> WHAT THE EXERCISE ASKS:
In the entries below, find the line with "2006-07 Upper Deck" and the line with "Lyst - Gucci"; give again those lines and every line between them, exactly.

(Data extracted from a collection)
-- Opening Marker --

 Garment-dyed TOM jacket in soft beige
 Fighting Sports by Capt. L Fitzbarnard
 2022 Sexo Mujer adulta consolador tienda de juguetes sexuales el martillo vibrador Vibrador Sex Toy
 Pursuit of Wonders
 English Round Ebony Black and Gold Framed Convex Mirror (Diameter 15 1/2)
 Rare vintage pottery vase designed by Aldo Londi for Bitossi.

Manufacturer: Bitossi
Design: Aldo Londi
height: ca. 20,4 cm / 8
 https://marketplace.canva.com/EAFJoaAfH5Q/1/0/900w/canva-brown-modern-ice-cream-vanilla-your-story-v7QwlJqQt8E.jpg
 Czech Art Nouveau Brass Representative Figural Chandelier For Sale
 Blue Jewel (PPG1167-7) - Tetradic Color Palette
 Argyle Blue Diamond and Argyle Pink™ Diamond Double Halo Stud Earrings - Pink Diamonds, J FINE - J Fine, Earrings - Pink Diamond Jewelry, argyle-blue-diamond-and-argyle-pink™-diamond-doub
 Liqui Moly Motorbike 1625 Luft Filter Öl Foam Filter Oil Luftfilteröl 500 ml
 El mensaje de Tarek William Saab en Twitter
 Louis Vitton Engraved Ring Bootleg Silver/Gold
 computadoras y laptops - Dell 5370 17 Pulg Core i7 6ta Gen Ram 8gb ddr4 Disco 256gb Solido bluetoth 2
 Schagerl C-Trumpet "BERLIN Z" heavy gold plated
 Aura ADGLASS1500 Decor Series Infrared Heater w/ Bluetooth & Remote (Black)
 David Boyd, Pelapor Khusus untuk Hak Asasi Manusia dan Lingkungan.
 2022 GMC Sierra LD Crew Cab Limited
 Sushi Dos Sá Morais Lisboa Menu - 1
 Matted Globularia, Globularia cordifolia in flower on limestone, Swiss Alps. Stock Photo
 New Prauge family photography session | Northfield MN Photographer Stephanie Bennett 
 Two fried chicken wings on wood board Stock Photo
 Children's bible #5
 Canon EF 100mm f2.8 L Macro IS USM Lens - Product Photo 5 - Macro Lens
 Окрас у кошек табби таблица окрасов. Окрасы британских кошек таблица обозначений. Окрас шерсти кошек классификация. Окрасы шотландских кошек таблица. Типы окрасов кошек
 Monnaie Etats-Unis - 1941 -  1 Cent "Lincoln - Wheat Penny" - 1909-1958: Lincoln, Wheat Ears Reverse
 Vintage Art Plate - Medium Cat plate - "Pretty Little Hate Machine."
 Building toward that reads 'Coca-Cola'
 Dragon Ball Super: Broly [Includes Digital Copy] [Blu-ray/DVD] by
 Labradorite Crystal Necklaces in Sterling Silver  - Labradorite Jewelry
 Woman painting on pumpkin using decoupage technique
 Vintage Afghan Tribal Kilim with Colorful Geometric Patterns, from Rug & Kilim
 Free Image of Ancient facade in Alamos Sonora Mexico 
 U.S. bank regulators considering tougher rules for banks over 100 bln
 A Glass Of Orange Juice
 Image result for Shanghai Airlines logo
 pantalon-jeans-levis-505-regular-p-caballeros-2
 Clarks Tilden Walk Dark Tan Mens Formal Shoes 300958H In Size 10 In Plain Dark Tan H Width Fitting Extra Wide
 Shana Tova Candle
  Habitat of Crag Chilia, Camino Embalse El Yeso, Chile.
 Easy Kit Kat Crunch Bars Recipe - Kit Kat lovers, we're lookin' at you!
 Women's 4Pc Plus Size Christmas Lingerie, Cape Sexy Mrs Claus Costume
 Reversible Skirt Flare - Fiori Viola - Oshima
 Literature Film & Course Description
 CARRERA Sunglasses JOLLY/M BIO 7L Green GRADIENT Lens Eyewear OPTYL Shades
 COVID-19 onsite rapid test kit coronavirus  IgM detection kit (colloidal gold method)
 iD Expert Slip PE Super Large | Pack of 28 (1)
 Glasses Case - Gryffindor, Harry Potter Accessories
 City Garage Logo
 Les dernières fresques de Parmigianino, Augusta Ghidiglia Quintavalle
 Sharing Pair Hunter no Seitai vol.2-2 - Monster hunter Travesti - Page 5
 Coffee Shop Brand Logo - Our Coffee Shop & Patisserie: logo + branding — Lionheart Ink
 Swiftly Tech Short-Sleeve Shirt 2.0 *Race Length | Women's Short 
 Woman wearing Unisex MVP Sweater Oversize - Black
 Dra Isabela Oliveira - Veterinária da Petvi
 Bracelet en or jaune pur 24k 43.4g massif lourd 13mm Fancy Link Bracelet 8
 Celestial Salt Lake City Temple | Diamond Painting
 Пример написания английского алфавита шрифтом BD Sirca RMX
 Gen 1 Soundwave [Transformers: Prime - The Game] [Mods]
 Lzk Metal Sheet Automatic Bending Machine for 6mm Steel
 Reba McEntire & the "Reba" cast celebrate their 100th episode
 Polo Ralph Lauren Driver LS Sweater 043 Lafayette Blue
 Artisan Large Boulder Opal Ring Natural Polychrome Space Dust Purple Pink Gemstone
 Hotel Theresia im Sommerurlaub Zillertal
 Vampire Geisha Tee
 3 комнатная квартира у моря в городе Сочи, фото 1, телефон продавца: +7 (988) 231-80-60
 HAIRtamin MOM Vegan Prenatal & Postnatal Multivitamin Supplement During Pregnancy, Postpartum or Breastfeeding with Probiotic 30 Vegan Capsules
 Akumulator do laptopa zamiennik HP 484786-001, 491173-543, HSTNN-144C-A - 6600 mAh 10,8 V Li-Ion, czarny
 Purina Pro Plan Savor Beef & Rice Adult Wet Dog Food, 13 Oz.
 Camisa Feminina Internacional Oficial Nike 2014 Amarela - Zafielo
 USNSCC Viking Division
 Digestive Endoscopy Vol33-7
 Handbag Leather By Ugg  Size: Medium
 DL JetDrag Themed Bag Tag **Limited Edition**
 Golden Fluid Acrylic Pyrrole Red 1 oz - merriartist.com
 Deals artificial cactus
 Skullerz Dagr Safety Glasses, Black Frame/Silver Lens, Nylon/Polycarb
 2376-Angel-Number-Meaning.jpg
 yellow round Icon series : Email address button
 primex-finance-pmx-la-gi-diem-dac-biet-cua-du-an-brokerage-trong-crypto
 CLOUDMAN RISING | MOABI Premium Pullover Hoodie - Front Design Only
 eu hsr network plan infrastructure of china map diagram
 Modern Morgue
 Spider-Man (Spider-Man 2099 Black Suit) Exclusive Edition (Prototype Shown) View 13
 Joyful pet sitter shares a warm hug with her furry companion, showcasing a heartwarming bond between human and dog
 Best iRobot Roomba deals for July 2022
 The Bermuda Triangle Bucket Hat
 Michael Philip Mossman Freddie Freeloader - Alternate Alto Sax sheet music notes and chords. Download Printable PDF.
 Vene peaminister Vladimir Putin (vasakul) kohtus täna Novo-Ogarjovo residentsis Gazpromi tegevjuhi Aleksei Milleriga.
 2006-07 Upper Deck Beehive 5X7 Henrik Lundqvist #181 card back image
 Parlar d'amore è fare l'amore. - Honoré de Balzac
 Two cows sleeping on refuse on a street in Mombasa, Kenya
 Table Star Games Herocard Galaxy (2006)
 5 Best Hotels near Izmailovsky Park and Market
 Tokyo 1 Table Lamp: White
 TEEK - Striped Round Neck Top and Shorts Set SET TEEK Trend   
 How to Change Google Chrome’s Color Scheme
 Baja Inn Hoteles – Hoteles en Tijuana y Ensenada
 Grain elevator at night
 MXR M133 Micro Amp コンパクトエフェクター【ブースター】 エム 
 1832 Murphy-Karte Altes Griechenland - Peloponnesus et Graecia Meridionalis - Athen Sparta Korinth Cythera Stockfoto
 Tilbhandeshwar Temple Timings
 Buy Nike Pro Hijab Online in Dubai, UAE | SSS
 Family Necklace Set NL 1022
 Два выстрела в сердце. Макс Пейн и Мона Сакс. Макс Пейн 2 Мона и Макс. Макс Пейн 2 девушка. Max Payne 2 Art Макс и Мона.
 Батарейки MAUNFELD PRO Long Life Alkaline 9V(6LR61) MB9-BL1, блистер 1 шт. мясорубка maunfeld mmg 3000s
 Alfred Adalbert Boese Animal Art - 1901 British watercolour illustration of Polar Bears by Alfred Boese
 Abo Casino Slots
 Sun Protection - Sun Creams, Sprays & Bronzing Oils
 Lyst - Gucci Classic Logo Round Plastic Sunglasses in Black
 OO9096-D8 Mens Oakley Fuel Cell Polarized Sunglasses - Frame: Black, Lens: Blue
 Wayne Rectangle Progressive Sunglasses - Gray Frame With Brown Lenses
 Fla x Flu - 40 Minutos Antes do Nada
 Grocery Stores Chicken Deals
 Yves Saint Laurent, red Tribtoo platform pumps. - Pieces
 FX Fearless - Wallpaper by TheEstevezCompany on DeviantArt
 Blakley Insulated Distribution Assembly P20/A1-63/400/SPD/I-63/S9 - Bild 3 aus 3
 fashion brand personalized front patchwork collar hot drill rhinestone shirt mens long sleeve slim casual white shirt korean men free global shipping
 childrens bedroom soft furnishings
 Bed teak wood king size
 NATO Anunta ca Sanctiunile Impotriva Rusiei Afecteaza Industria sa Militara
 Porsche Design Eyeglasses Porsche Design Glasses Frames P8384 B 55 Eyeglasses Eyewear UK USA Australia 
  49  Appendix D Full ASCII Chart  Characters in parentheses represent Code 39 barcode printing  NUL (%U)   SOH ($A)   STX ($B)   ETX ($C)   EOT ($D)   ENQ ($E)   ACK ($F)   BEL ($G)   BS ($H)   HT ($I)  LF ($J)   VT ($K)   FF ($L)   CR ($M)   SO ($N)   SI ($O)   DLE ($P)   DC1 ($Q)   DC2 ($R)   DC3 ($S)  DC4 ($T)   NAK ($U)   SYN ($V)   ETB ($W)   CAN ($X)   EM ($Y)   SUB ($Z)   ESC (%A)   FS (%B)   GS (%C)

-- Closing Marker --

> SOLUTION TO THIS TASK:
 2006-07 Upper Deck Beehive 5X7 Henrik Lundqvist #181 card back image
 Parlar d'amore è fare l'amore. - Honoré de Balzac
 Two cows sleeping on refuse on a street in Mombasa, Kenya
 Table Star Games Herocard Galaxy (2006)
 5 Best Hotels near Izmailovsky Park and Market
 Tokyo 1 Table Lamp: White
 TEEK - Striped Round Neck Top and Shorts Set SET TEEK Trend   
 How to Change Google Chrome’s Color Scheme
 Baja Inn Hoteles – Hoteles en Tijuana y Ensenada
 Grain elevator at night
 MXR M133 Micro Amp コンパクトエフェクター【ブースター】 エム 
 1832 Murphy-Karte Altes Griechenland - Peloponnesus et Graecia Meridionalis - Athen Sparta Korinth Cythera Stockfoto
 Tilbhandeshwar Temple Timings
 Buy Nike Pro Hijab Online in Dubai, UAE | SSS
 Family Necklace Set NL 1022
 Два выстрела в сердце. Макс Пейн и Мона Сакс. Макс Пейн 2 Мона и Макс. Макс Пейн 2 девушка. Max Payne 2 Art Макс и Мона.
 Батарейки MAUNFELD PRO Long Life Alkaline 9V(6LR61) MB9-BL1, блистер 1 шт. мясорубка maunfeld mmg 3000s
 Alfred Adalbert Boese Animal Art - 1901 British watercolour illustration of Polar Bears by Alfred Boese
 Abo Casino Slots
 Sun Protection - Sun Creams, Sprays & Bronzing Oils
 Lyst - Gucci Classic Logo Round Plastic Sunglasses in Black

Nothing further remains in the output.